Complicating the planning of a horizontal wellbore are the uncertainties associated with fracture geometries within unconventional reservoirs. Many experts believe, based on analyses of real-time data from both tilt meter and micro-seismic surveys, that fracture geometries in less permeable, and particularly, more brittle, unconventional reservoirs can yield highly complex fracture geometries. That is, as opposed to the relatively simplistic bi-wing elliptical model perceived to fit most conventional reservoirs (and as shown in the idealistic rendition in FIG. 1A), fracture geometries in unconventional reservoirs can be frustratingly unpredictable.
In most cases, far-field fracture length and complexity is deemed detrimental (rather than beneficial) due to excessive fluid leak-off and/or reduced fracture width that can cause early screen-outs. Hence, whether fracture complexity (or, the lack thereof) enhances or reduces the SRV that the fracture network will enable the wellbore to drain is typically determined on a case-by-case (e.g., reservoir-by-reservoir) basis.

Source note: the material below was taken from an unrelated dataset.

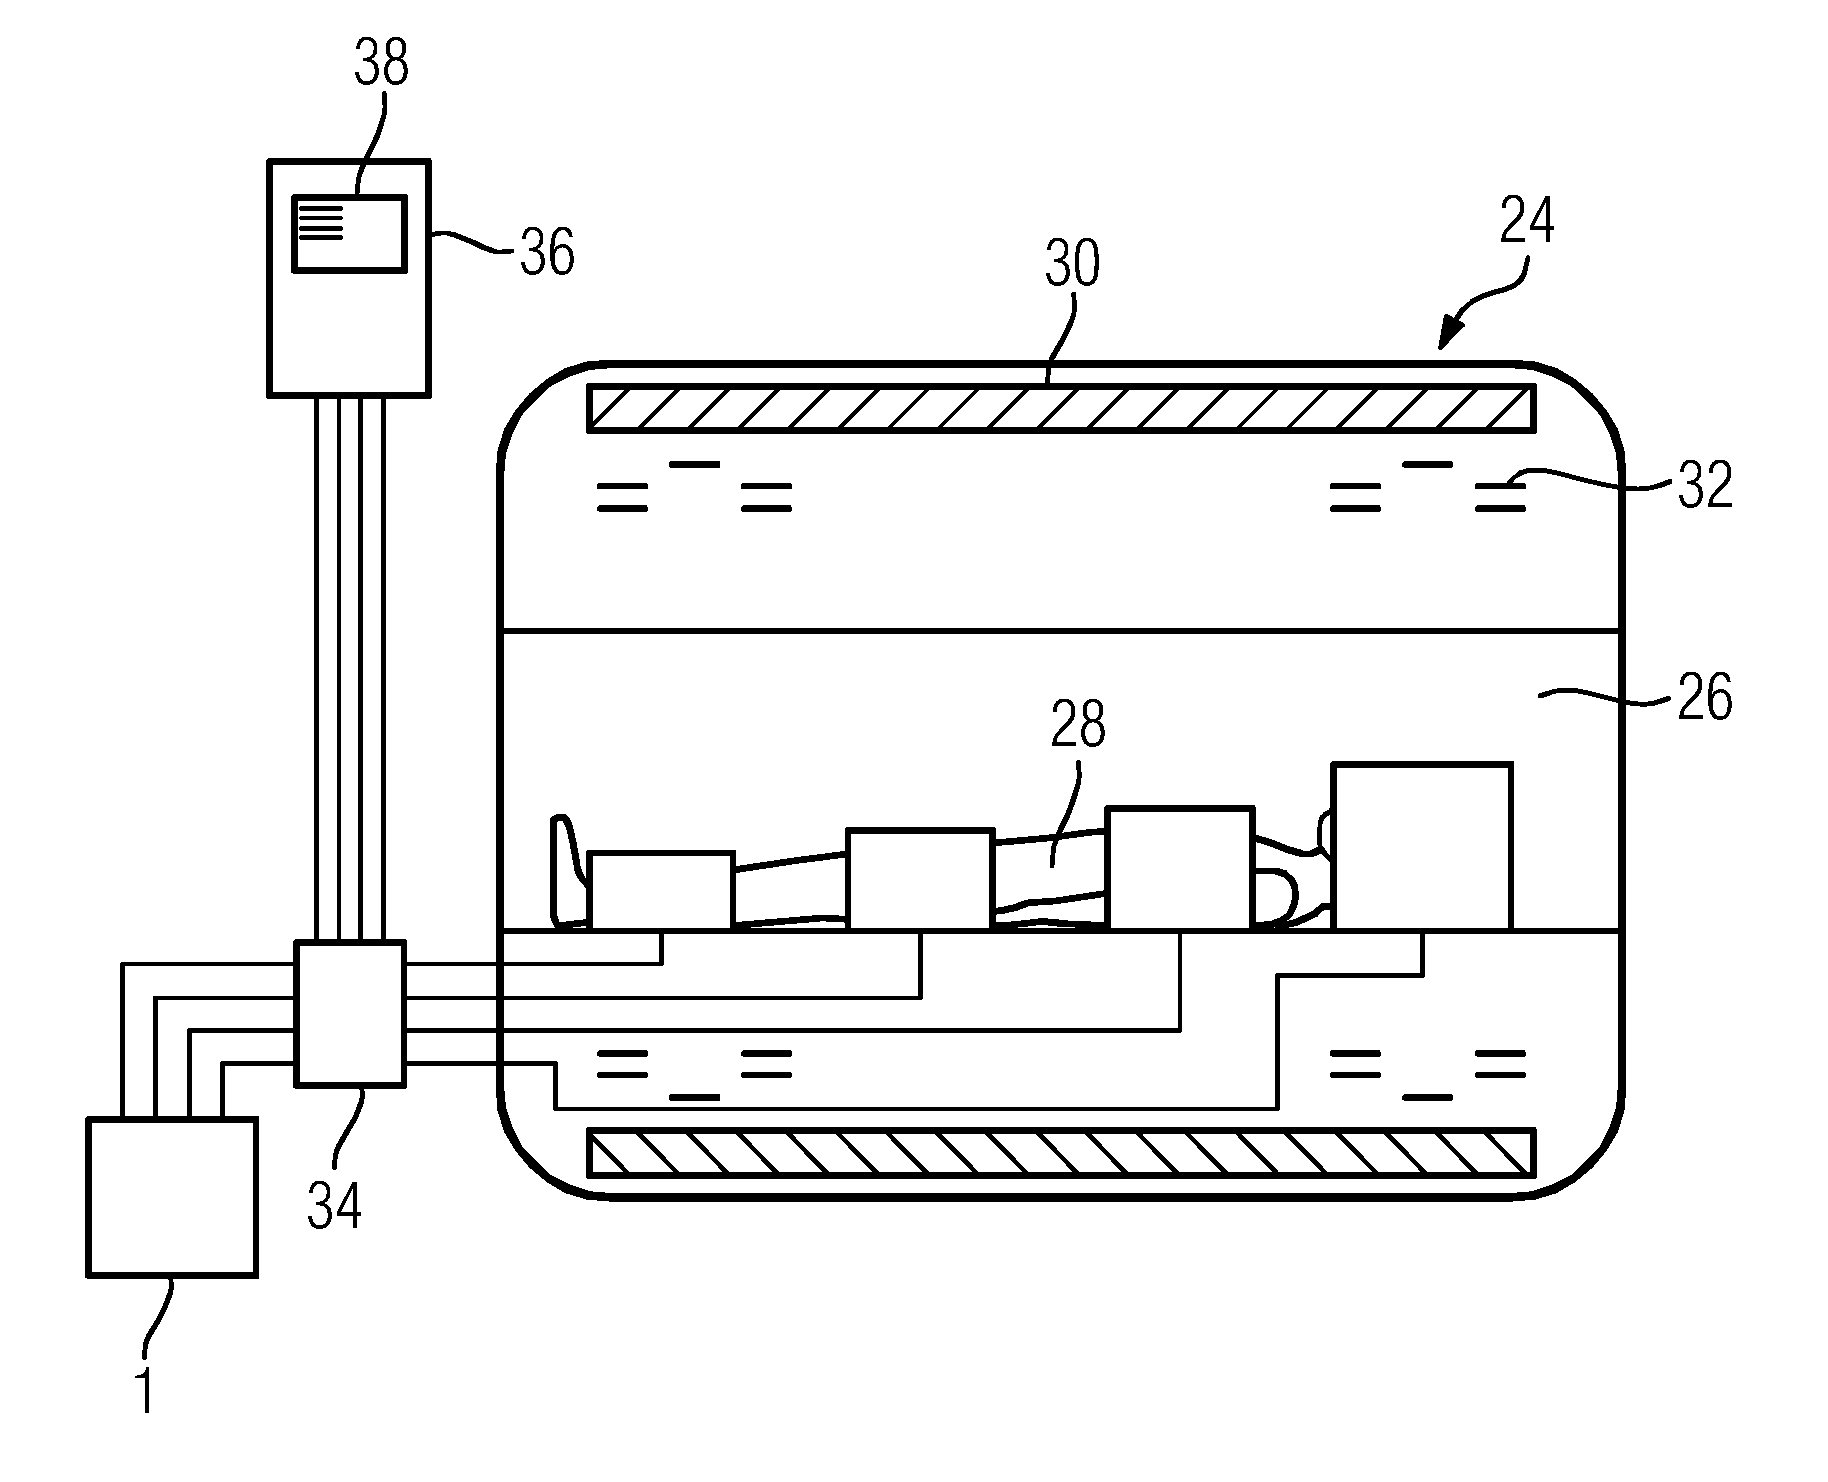 Transmitting Unit for a Magnetic Resonance Imaging System

Thus, it is desirable, particularly in horizontal wellbore completions for tight reservoirs, to obtain greater control over the geometric growth of the primary fracture network extending perpendicularly outward from the horizontal leg 4c. It is further desirable to extend the length of the fracture network azimuth without significantly trespassing the horizontal pay zone 3 boundaries. Further, it is desirable to decrease the well density required to drain a given reservoir volume by increasing the effectiveness of the fracture network between wellbores through the use of two or more hydraulically-jetted mini-laterals along a horizontal leg. Still further, it is desirable to provide this guidance, constraint, and enhancement of SRV's by the creation of one or more mini-lateral boreholes as a replacement of conventional casing portals provided by the use of conventional completion procedures requiring perforations, sliding sleeves, and the like.

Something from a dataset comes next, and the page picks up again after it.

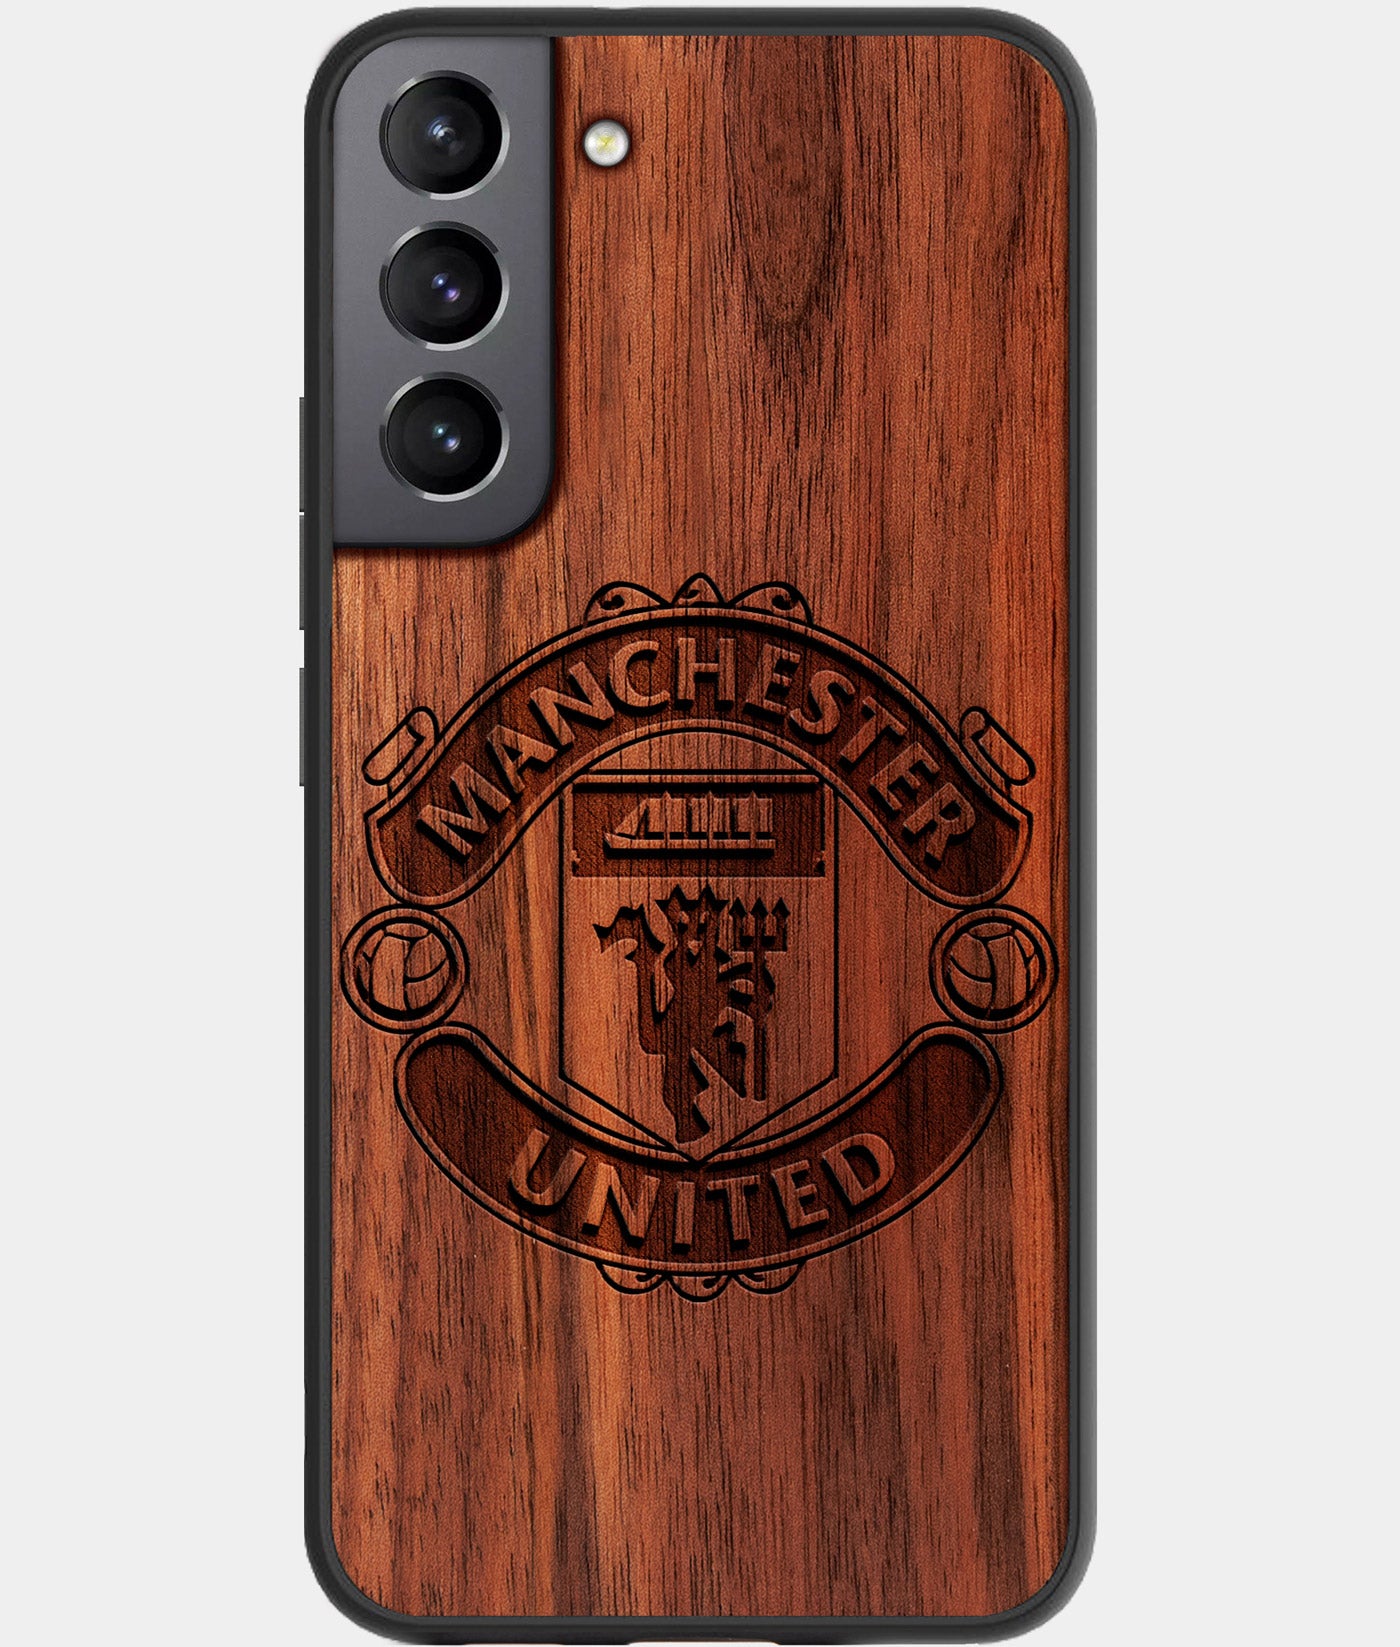 Best Wood Manchester United F.C. Samsung Galaxy S22 Case - Custom Engraved Cover - Engraved In Nature

Accordingly, a need exists for a downhole assembly having a jetting hose and a whipstock, whereby the assembly can be conveyed into any wellbore interval of any inclination, including an extended horizontal leg. A need further exists for a hydraulic jetting system that provides for substantially a 90° turn of the jetting hose opposite the point of a casing exit, preferably utilizing the entire casing inner diameter as the bend radius for the jetting hose, thereby providing for the maximum possible inner diameter of jetting hose, and thus providing the maximum possible hydraulic horsepower to the jetting nozzle.
Additional needs exist that, in certain embodiments, are addressed herein. A need exists for improved methods of forming lateral wellbores using hydraulically directed forces, wherein the desired length of jetting hose can be conveyed even from a horizontal wellbore. Further, a need exists for a method of forming lateral boreholes off of a horizontal leg that assist in confining subsequent SRV's up to, but not significantly beyond, pay zone boundaries. Still further, a need exists to be able to convey the jetting hose in an uncoiled state, such that the bend radius within the production casing and along the whipstock is the tightest bending constraint the hose must satisfy.
Finally, a need exists for a tractor system that is able to translate a jetting hose into and out of a parent wellbore during hydraulic borehole formation, even many tens of feet, without uncoiling and re-coiling the hose.